* **TO DO**
Only the lines from the top of the listing below to the line that has "Zwei Mädchen spielen" should be echoed, with both ends kept and pictures left out.

* **DATA BELOW**
..........

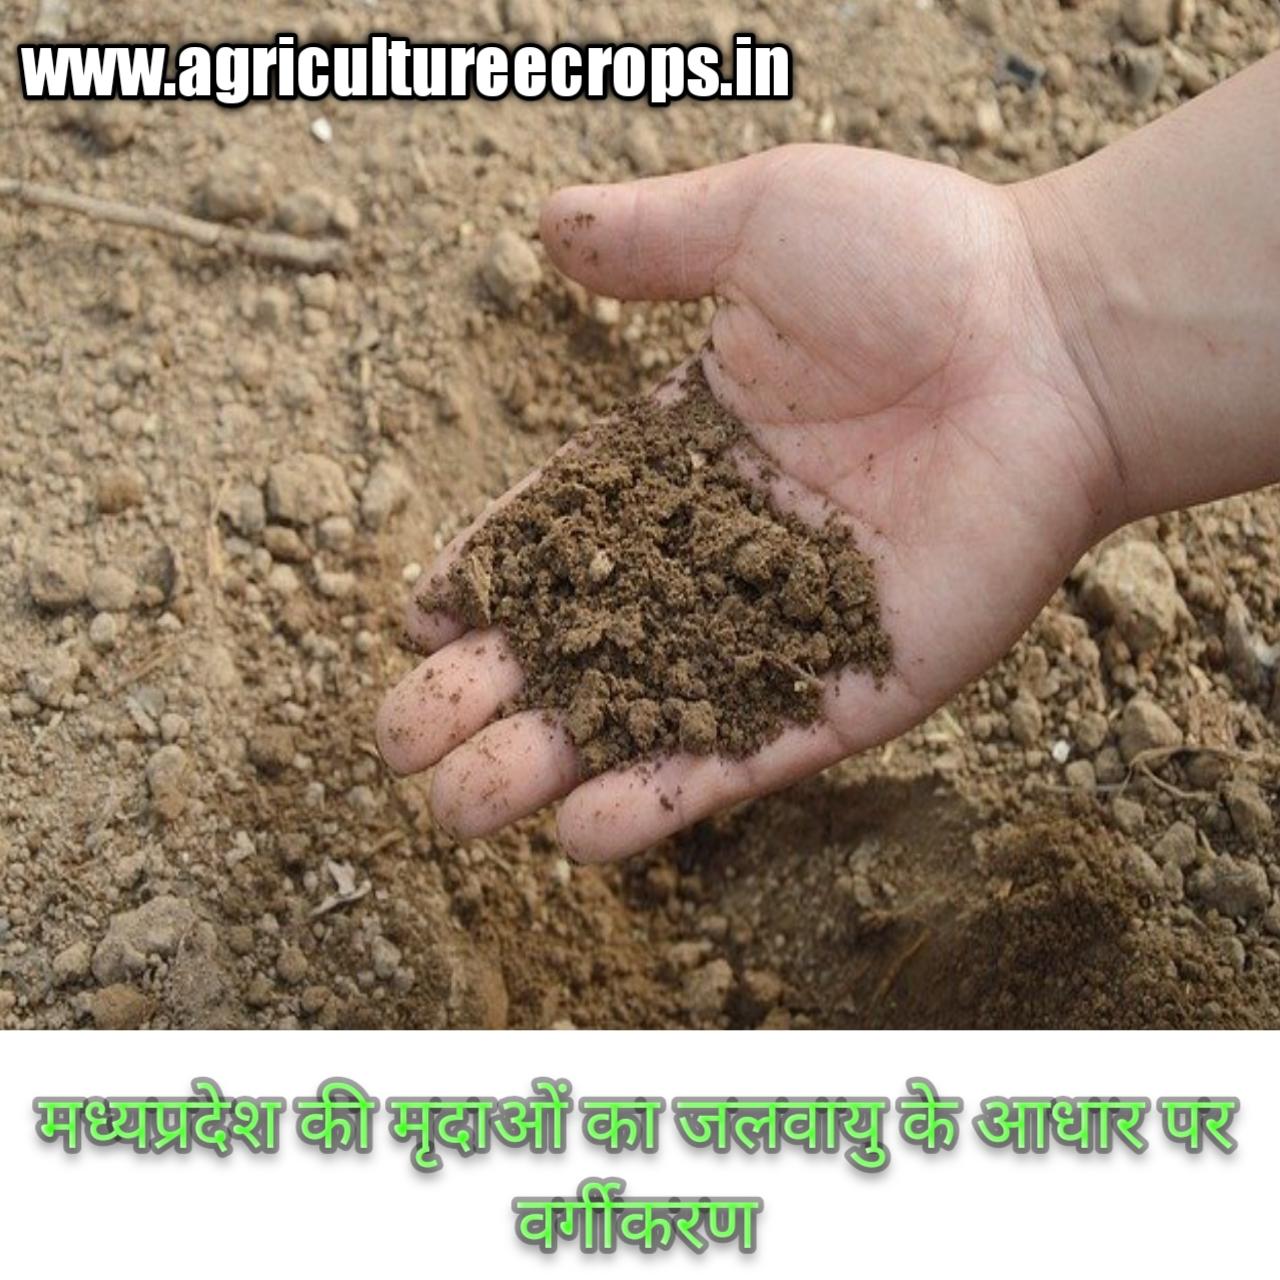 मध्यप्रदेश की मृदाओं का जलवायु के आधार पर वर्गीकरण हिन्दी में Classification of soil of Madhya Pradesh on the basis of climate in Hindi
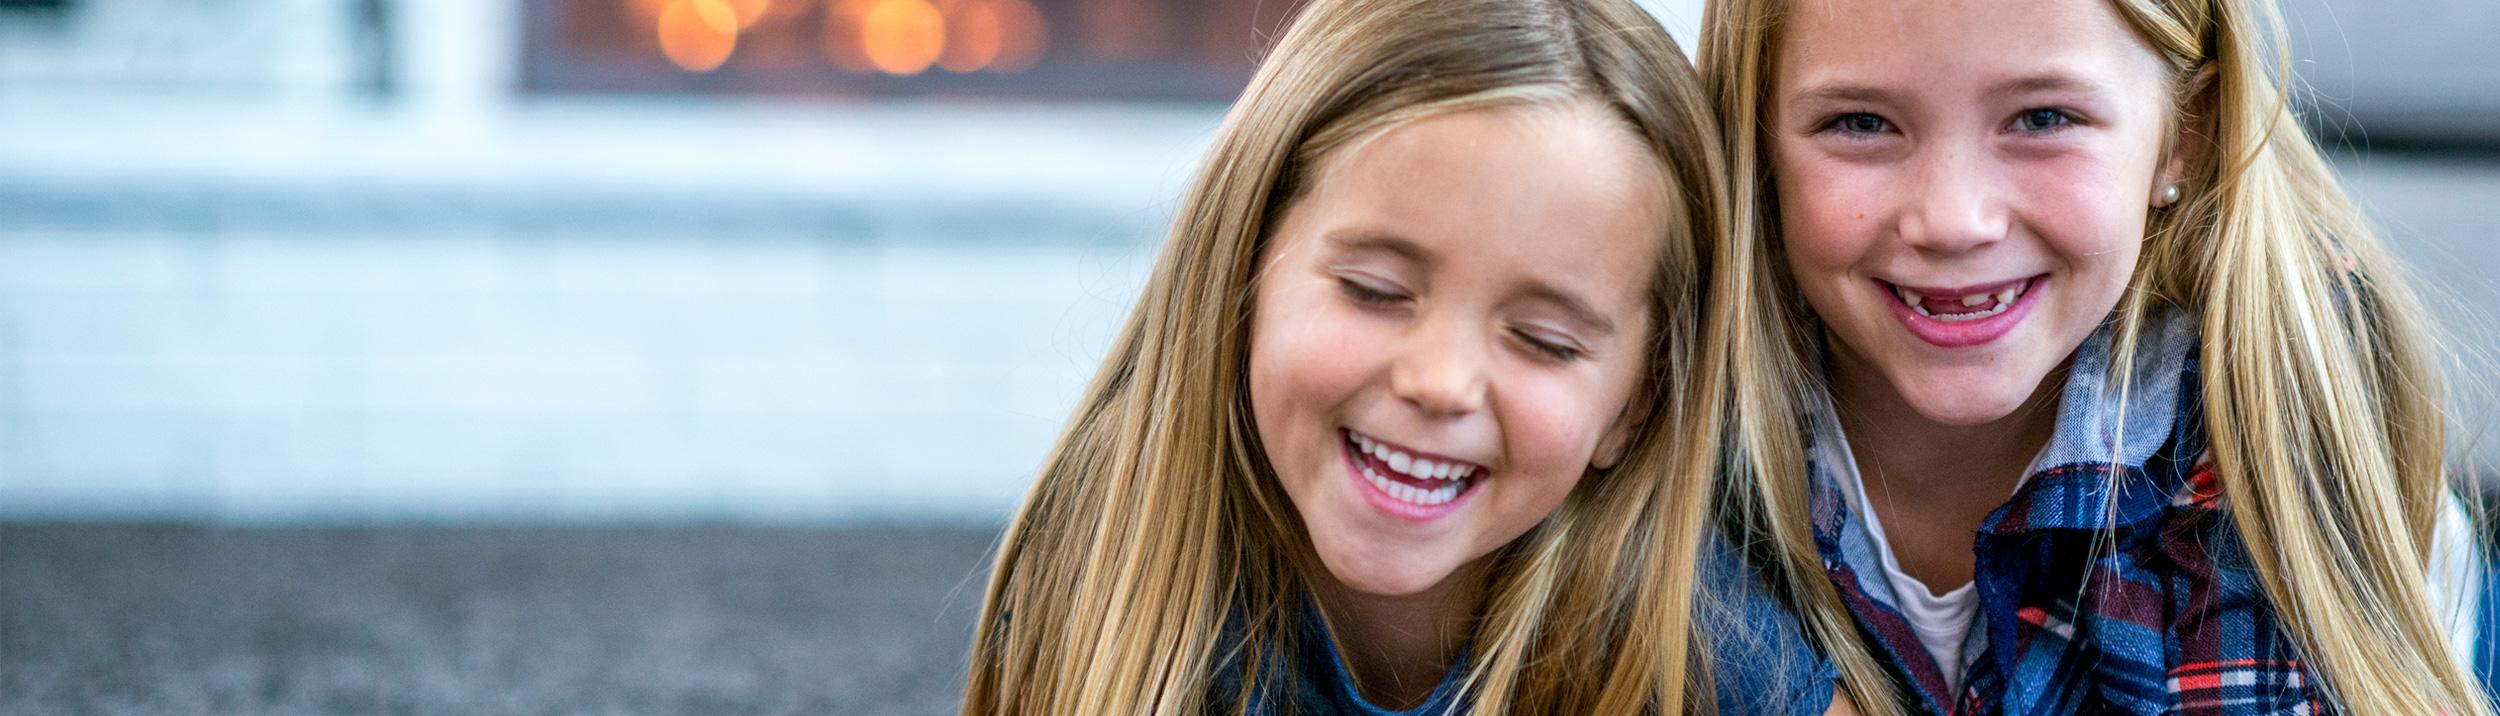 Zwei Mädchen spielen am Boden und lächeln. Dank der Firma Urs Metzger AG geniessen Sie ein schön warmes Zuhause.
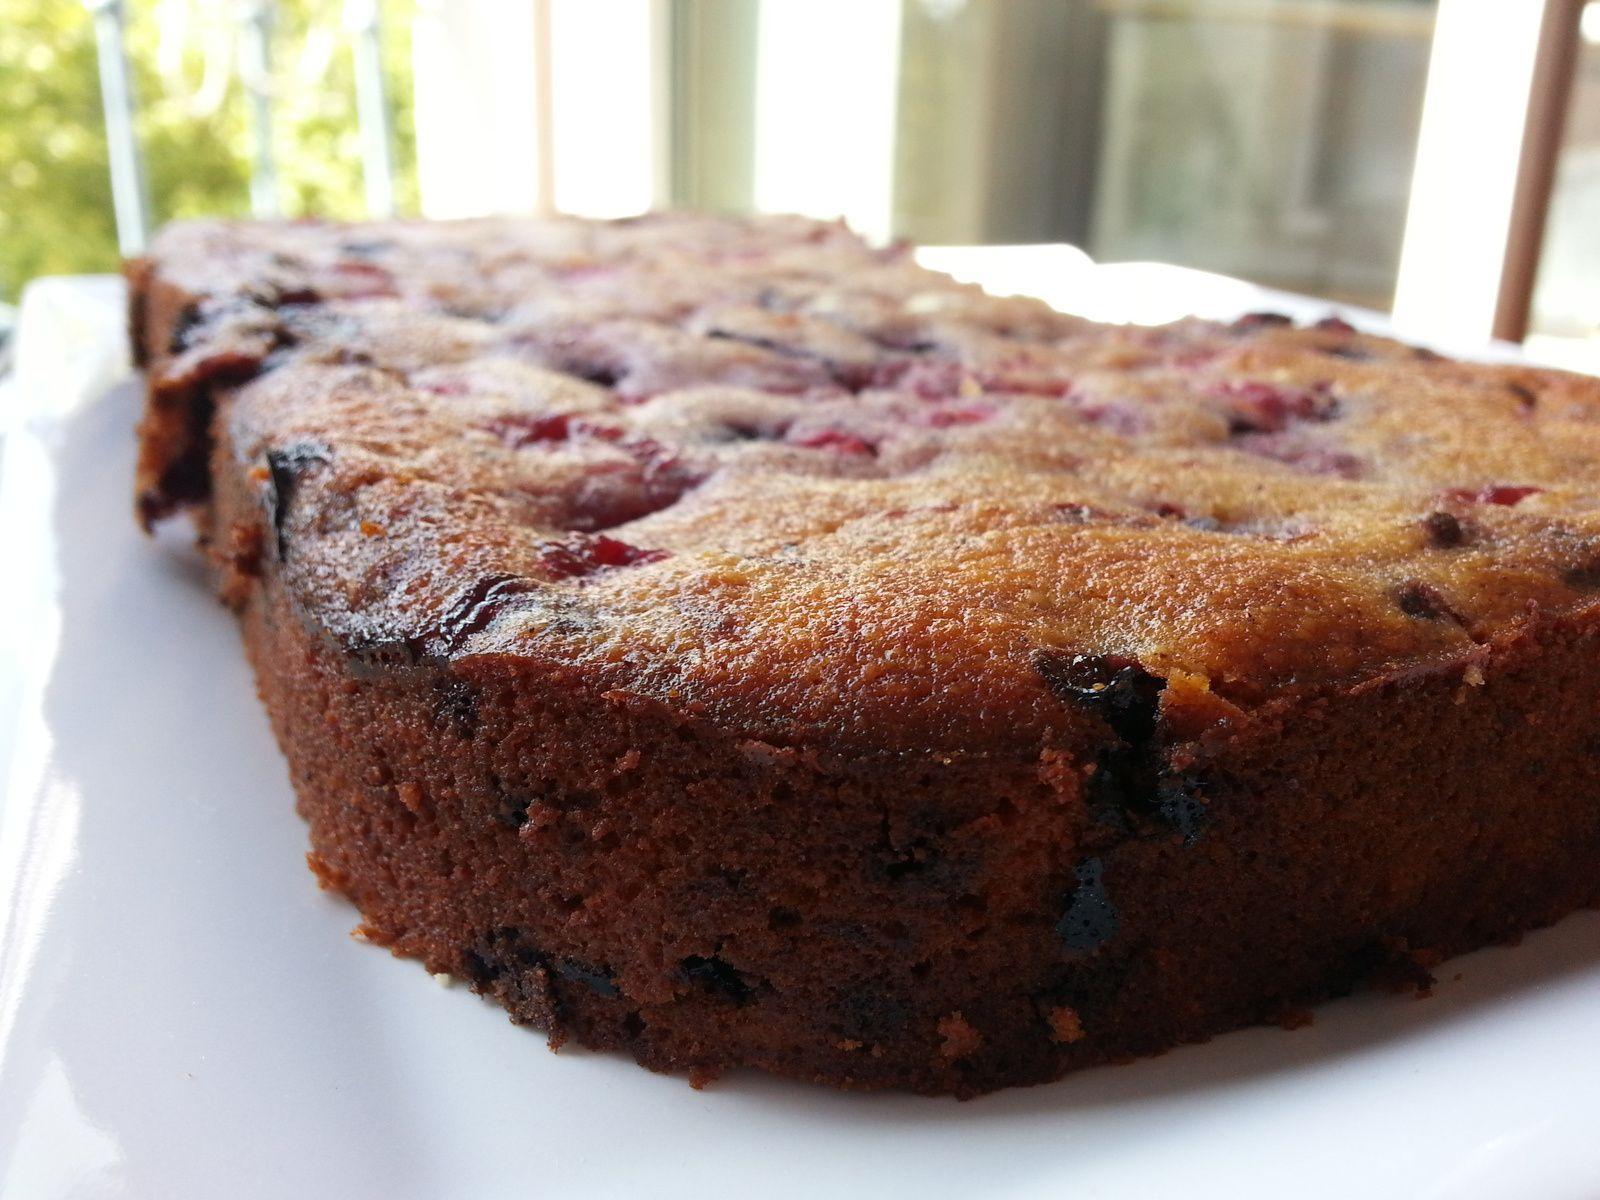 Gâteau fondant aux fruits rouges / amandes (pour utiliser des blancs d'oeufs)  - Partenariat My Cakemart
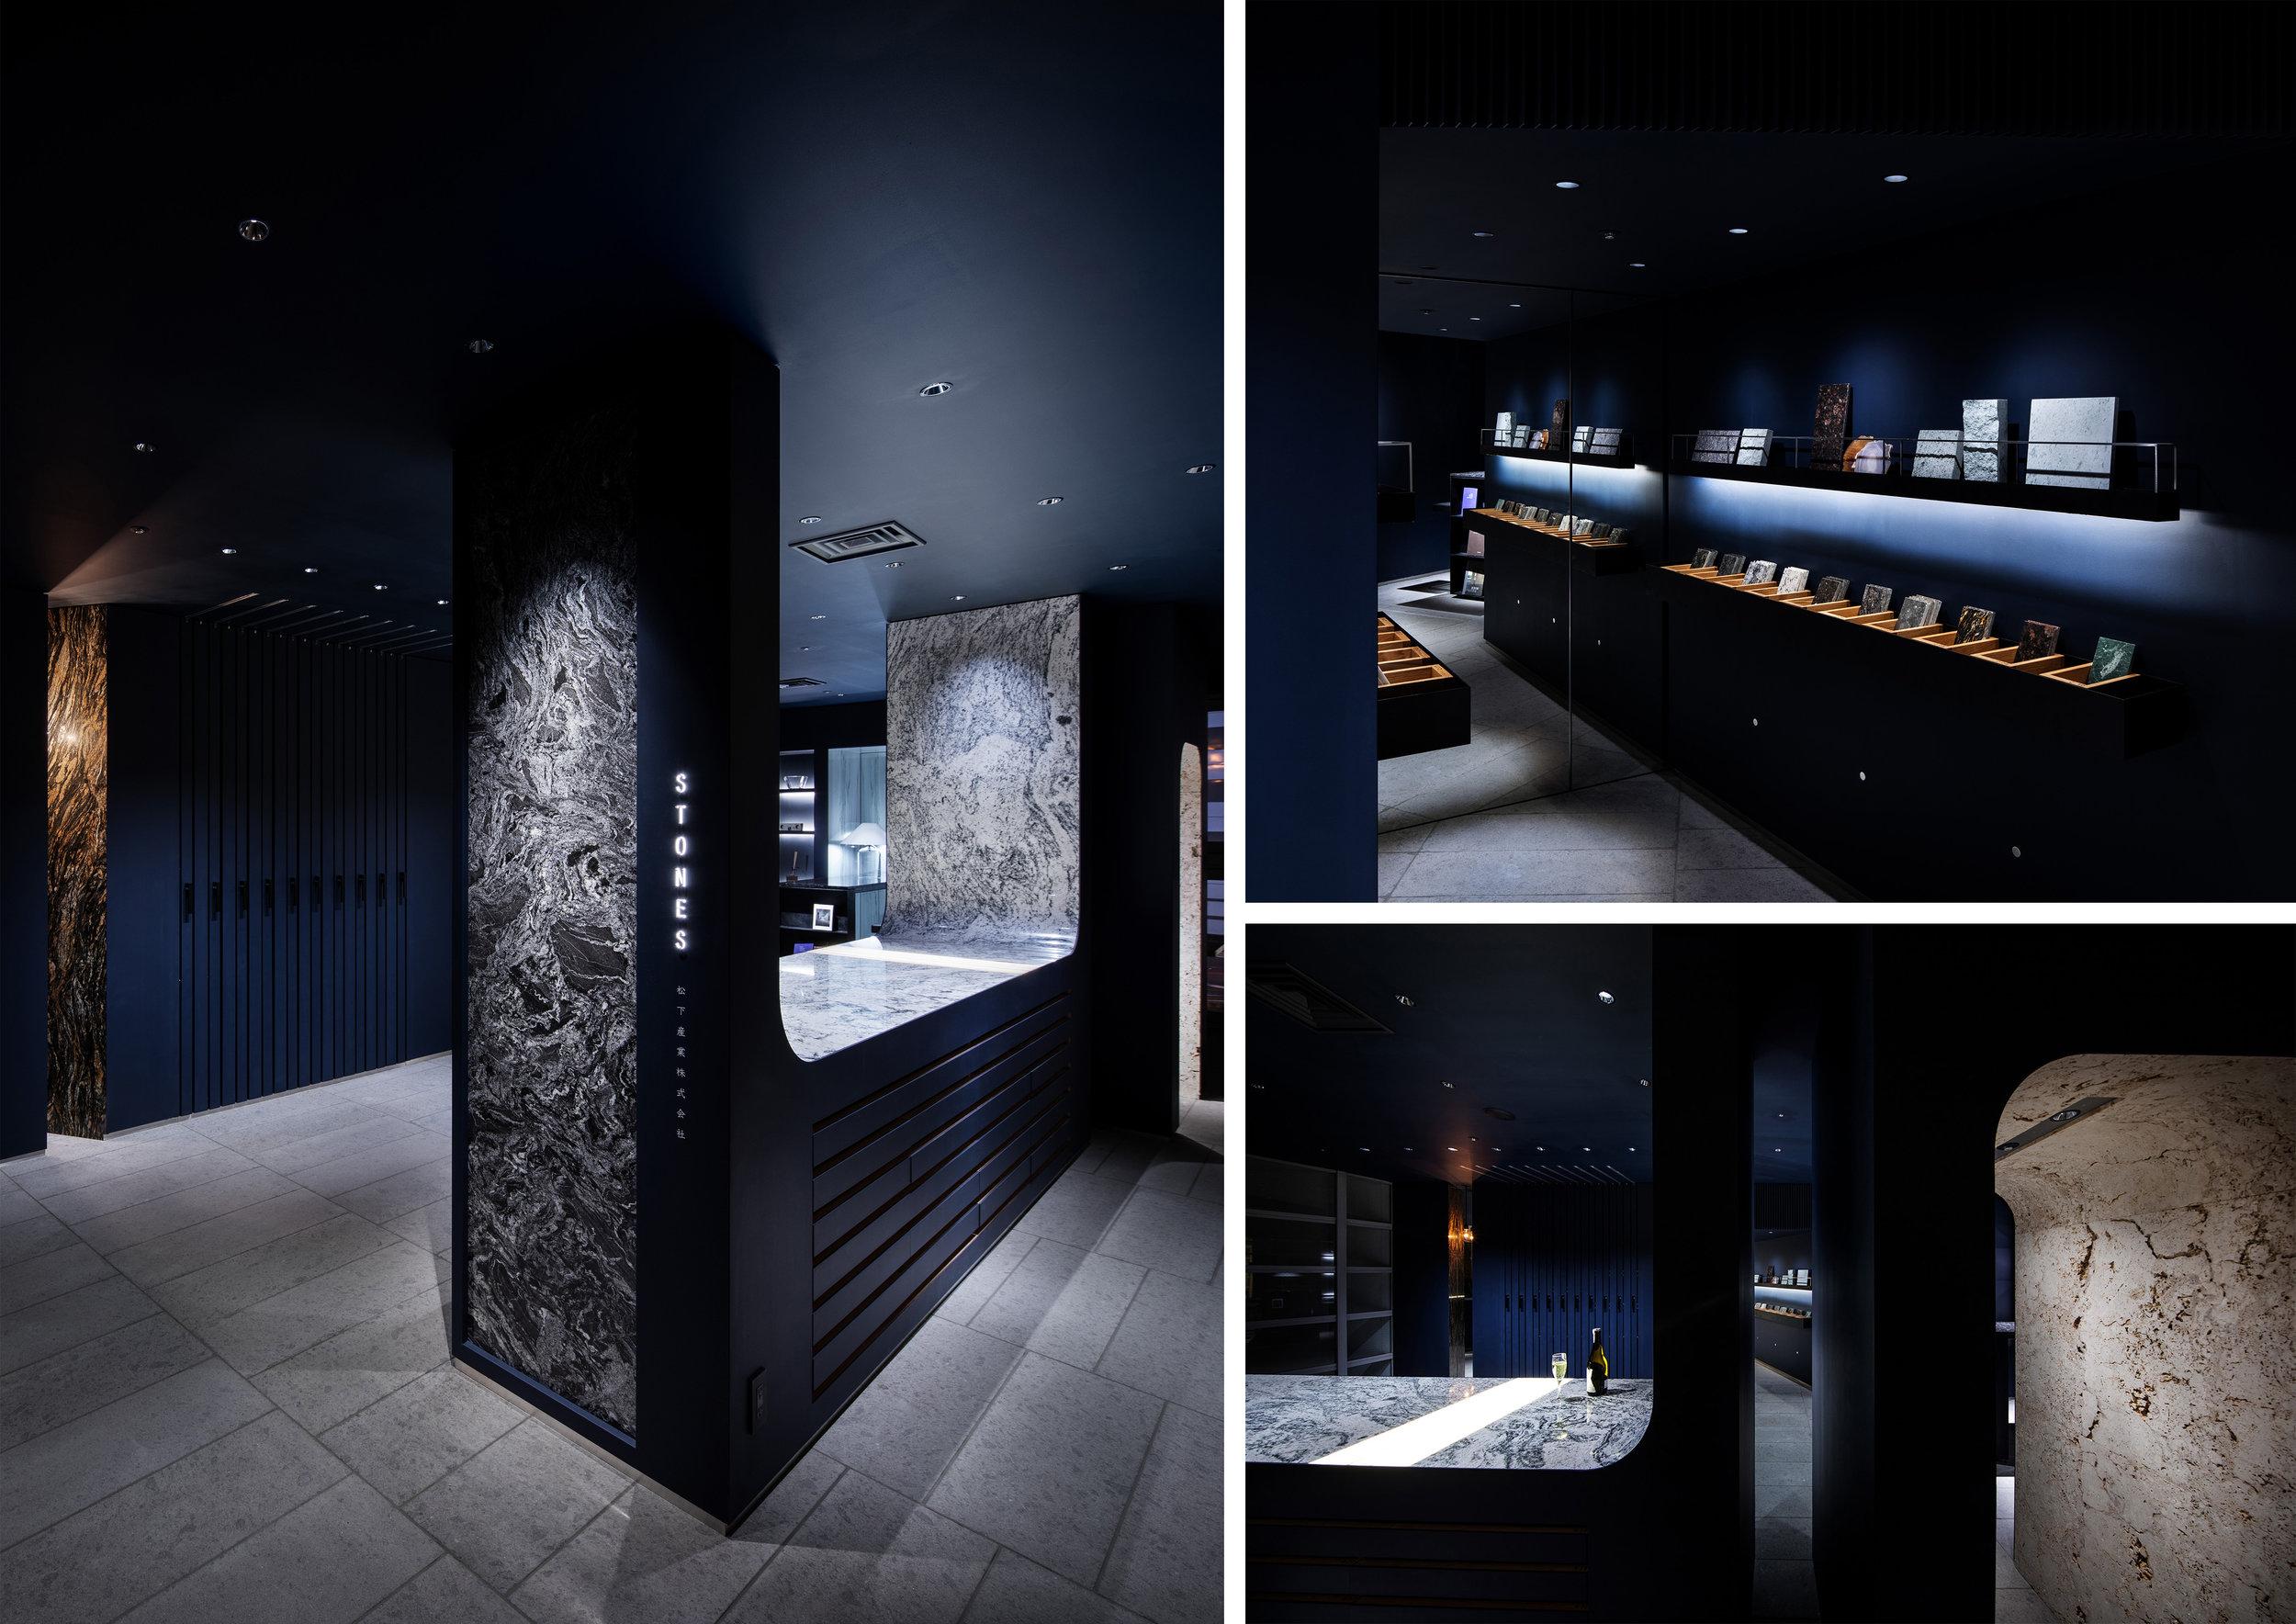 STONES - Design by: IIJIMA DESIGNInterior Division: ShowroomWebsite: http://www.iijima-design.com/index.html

..........

* **ANSWER BELOW**
 मध्यप्रदेश की मृदाओं का जलवायु के आधार पर वर्गीकरण हिन्दी में Classification of soil of Madhya Pradesh on the basis of climate in Hindi
 Zwei Mädchen spielen am Boden und lächeln. Dank der Firma Urs Metzger AG geniessen Sie ein schön warmes Zuhause.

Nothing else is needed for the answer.